*** Dataset content

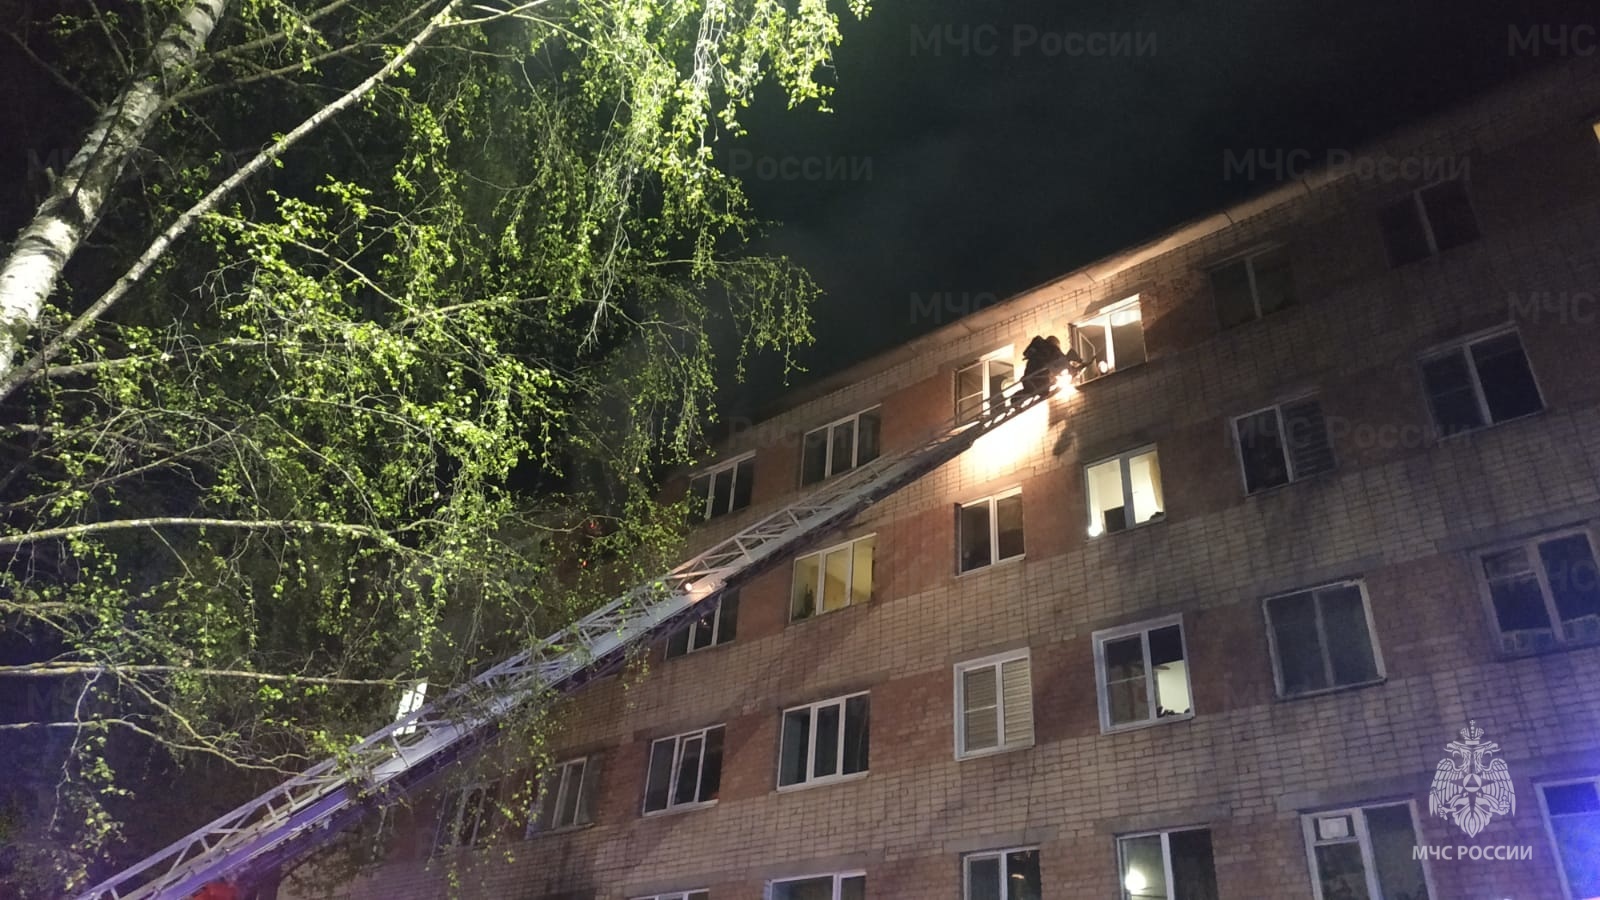 40 костромичей спасли из горящей многоэтажки в День Победы
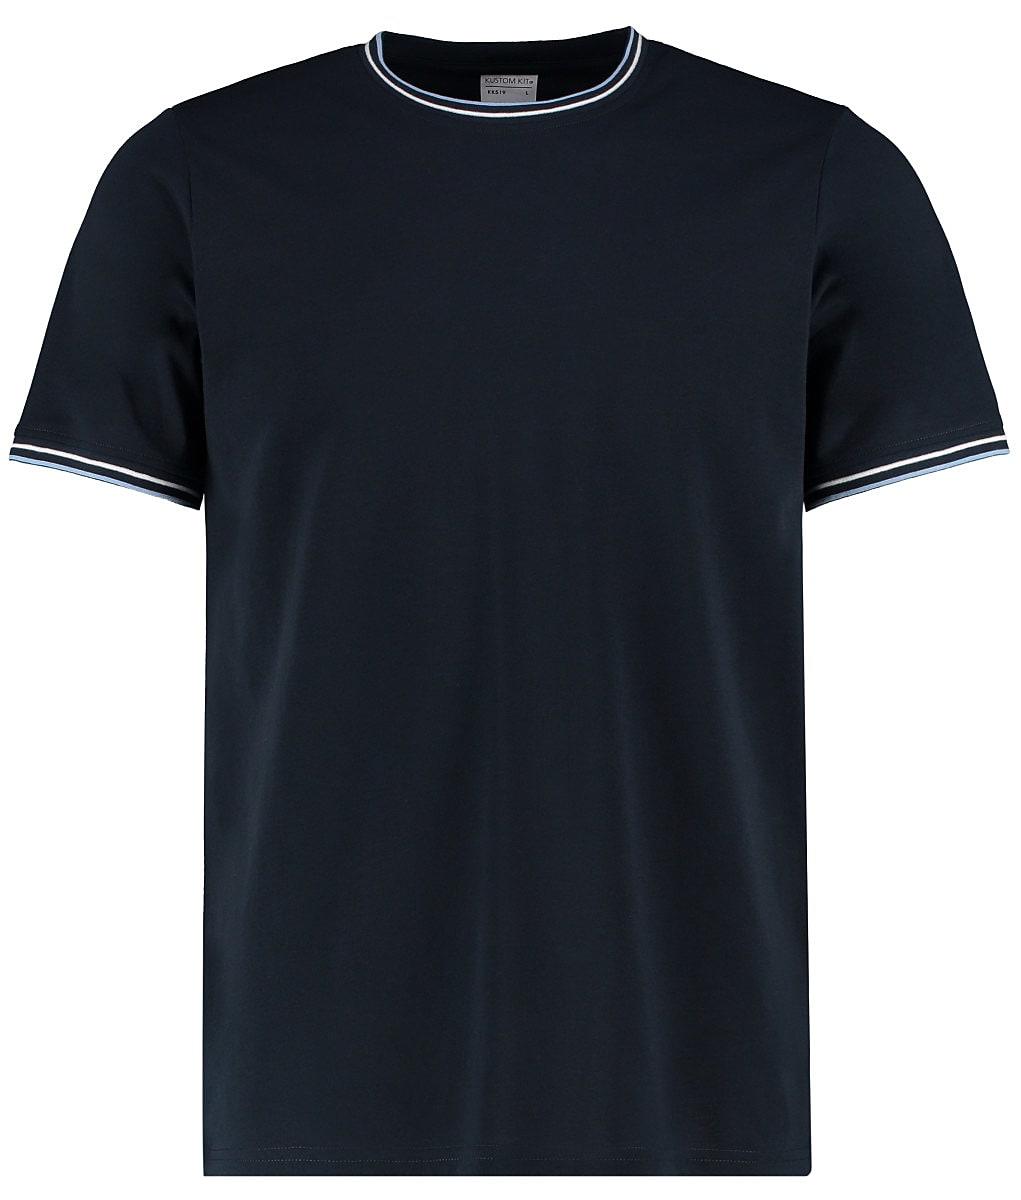 Kustom Kit Mens Tipped T-Shirt in Navy / White / Light Blue (Product Code: KK519)
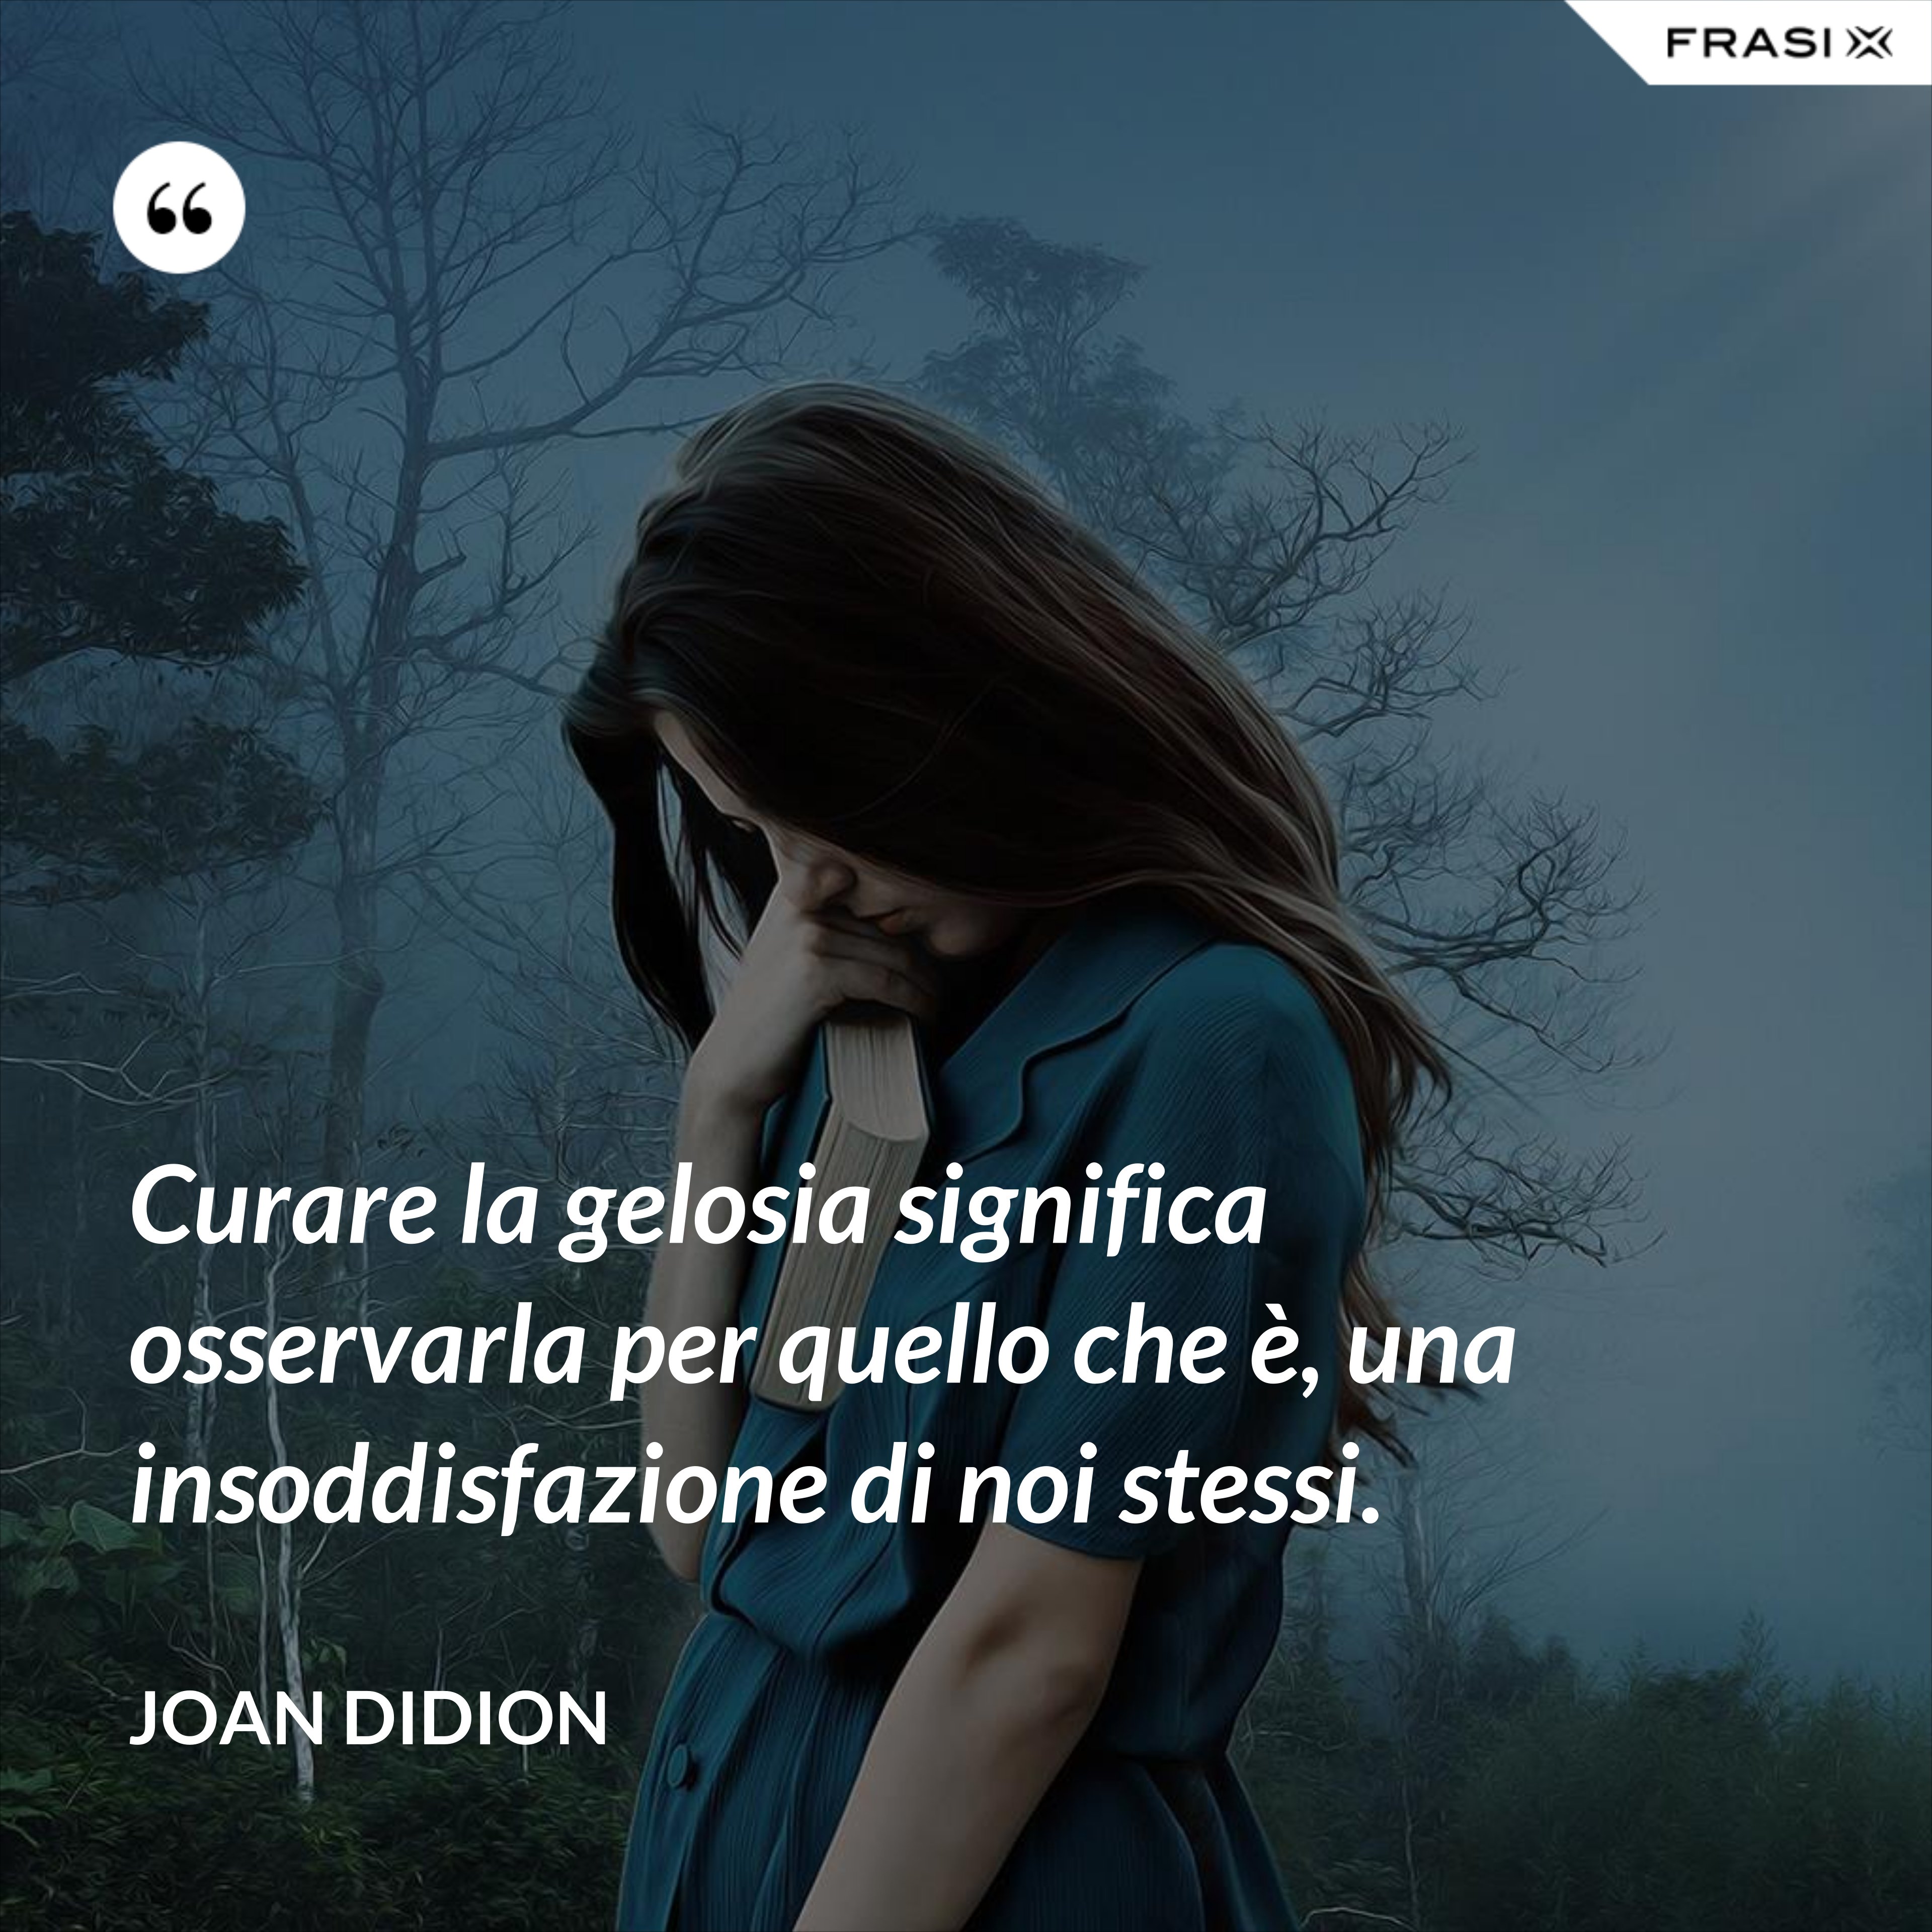 Curare la gelosia significa osservarla per quello che è, una insoddisfazione di noi stessi. - Joan Didion

******

▶ **Work item**
Retype all of the listing above exactly, but keep its pictures out.

▶ **Final answer**
 40 костромичей спасли из горящей многоэтажки в День Победы
 Kustom Kit Mens Tipped T-Shirt in Navy / White / Light Blue (Product Code: KK519)
 Curare la gelosia significa osservarla per quello che è, una insoddisfazione di noi stessi. - Joan Didion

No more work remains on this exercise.